In this article, we have shown that both the nuclear and the mitochondrial variants of the genetic code can be modelled by using non-power representation systems of integer numbers. The model describes exactly many salient features of the genetic code, including its symmetry properties. Note that there is a wide literature on the idea that the genetic code is related to symmetry properties and, eventually, to symmetry breaking (see for instance the seminal work of Hornos & Hornos [26]). Such paper originated a series of attempts to apply continuous and discrete symmetry groups and algebras to the problem [27–29]. However, this approach has not been received well by biologists; as Maddox states [30]: ‘The application of the theory of mathematical groups to the origin of the genetic code will startle molecular biologists, but is best regarded as a valuable exercise in classification’. For further works about symmetry and symmetry breaking, see among others [31–37]. We argue that the above criticism does not apply to our model since it describes naturally the degeneracy of the actual genetic code without recourse to an improbable chain of symmetry breaking steps. Moreover, it allows a clear biological interpretation of the results.

The mitochondrial genetic code has been proposed as a model that originated the universal genetic code (the code characterizing the LUCA). This pre-universal code has been called the early code. The non-power representation of the vertebrate mitochondrial genetic code allows one to infer a biological hypothesis for the organization of the code that predated the early code and for the origin of protein coding based on the symmetries of ancient tRNA adaptors and a set of four-base codons (tesserae) [18]. This paradigmatic genetic code exhibits strong properties of error detection and correction which might be responsible of its selection in evolutionary terms (synthesis accuracy and expression fitness). Furthermore, the model provides an explanation of why the present genetic code is characterized precisely by 64 codons and 20+2 amino acids. The non-power approach (i) describes the evolution starting from putative ancient codes characterized by a small number of amino acids and coding words and (ii) supports an origin of protein synthesis with adaptors containing oligonucleotides longer than three bases and a ribosome-less direct template synthesis.
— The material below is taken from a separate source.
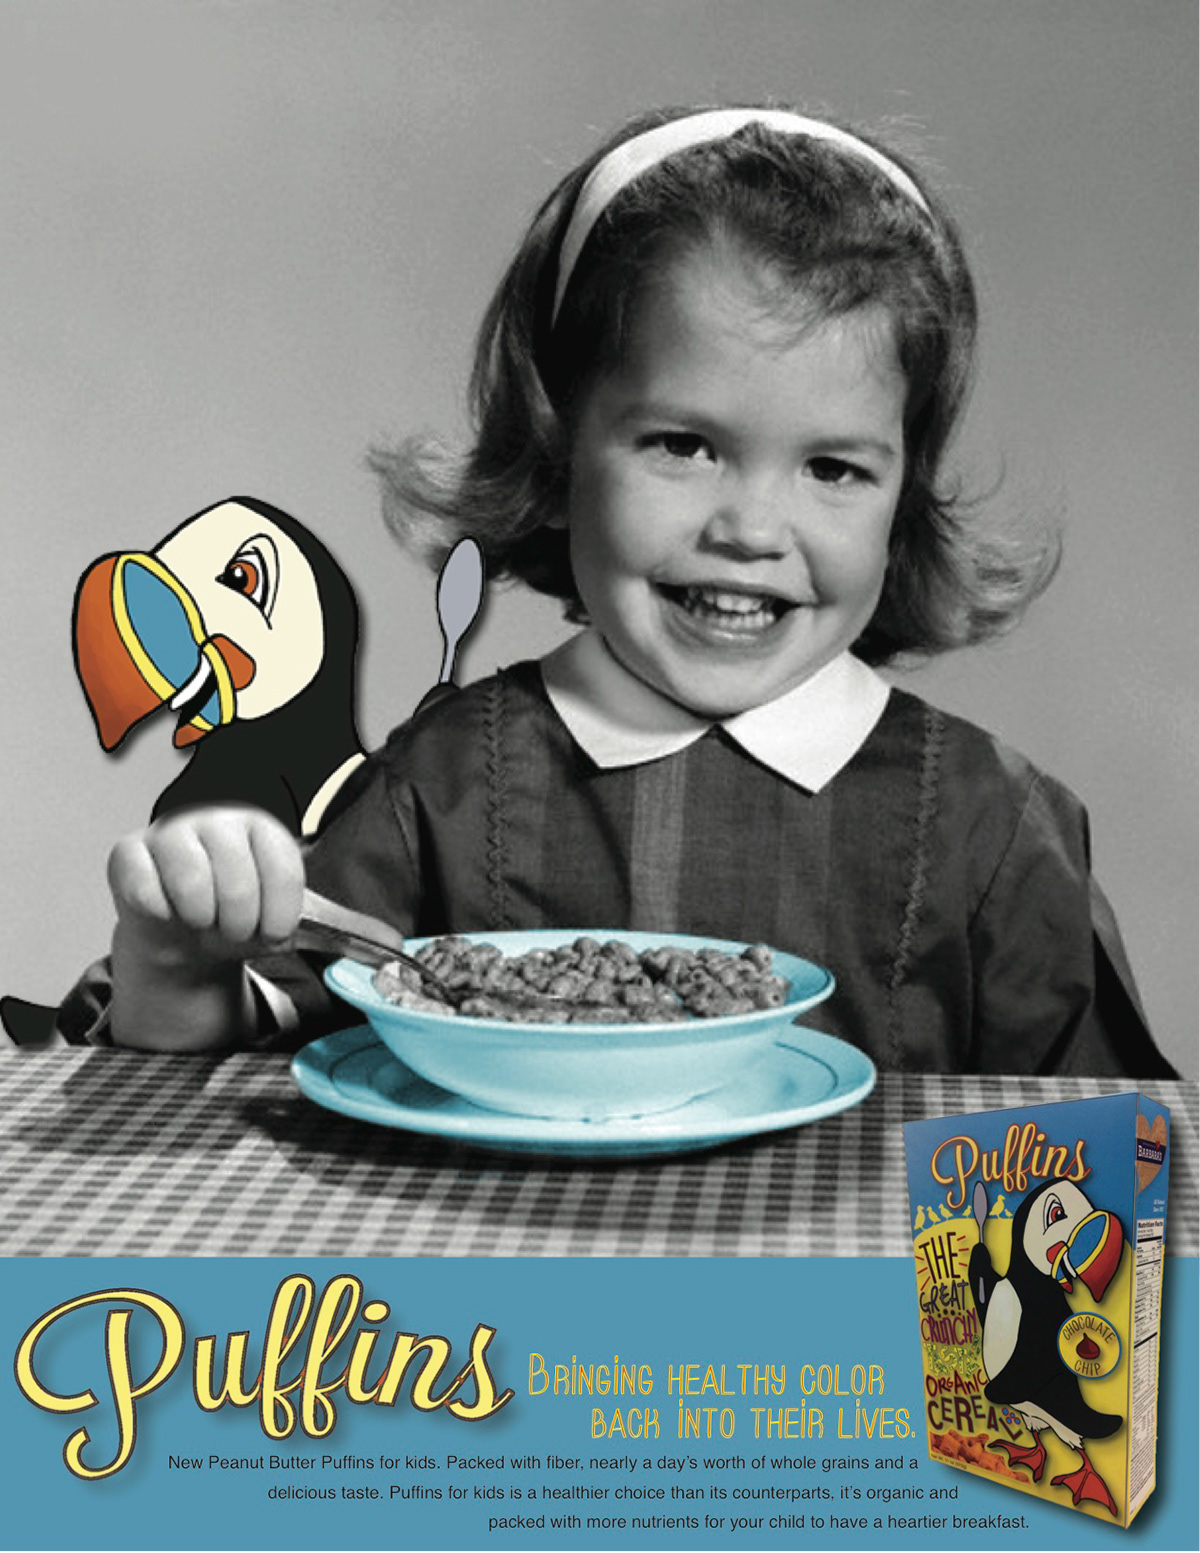 Cereal puffins healthy kids

Finally, we recall that it is now widely accepted that the genetic code is optimized for conveying more information than the linear coding of proteins [38,39]. The degeneracy of amino acids allows the use of synonymous codons for conveying additional information. This in turns affects the distribution of codons in coding sequences and produces the so-called ‘codon bias’ [40–42]. Codon bias correlates with translation efficiency (accuracy and speed of protein synthesis) and many other key cellular processes from differential protein production to protein folding [43,44]. The mathematical structure of the model and its evolutionary implications lead naturally to the problem of protein synthesis accuracy and efficiency related to mechanisms of error detection/correction in terms of point mutations and frame-shift. In this respect, there are connections with the theory of comma-free and circular codes. These are important to study the problem of retrieving and maintaining of the correct reading frame [45–48]. The non-power approach allows one to study sequences of DNA and mRNA, including their codon bias, under a new perspective [13–15,49] and can lead to new bioinformatics tools and new applications in medicine.

## Authors' contributions

All the authors contributed equally to this work.

## Competing interests

We declare we have no competing interests.

## Funding

We received no funding for this study.

## Appendix A. Redundant numeration systems and the degeneracy of the genetic code

Historically, the notion of number has been introduced to count the elements of a set or to compare quantitatively two or more sets. A numeration system is a way of expressing a number by using a string of other numbers, called digits, as to facilitate their management, for instance for the implementation of arithmetic operations. Nowadays, a proper choice of a numeration system may be crucial for solving specific problems and developing and improving mathematical models and algorithms [11]. A *positional* numeration system allows one to represent numbers by means of a set of digits *d*_{i} and a set of weights *w*_{i}. A given integer number *N* has the following additive representation:
In other words, a system is positional if each digit *d*_{i} is weighted with a different value *w*_{i} according to its position. For practical reasons, e.g. commerce, accounting, etc., these representations have always been univocal since every number has a unique representation. One notable exception is the Maya representation system called serpent number used in their Long Count calendar to describe astronomical times [50].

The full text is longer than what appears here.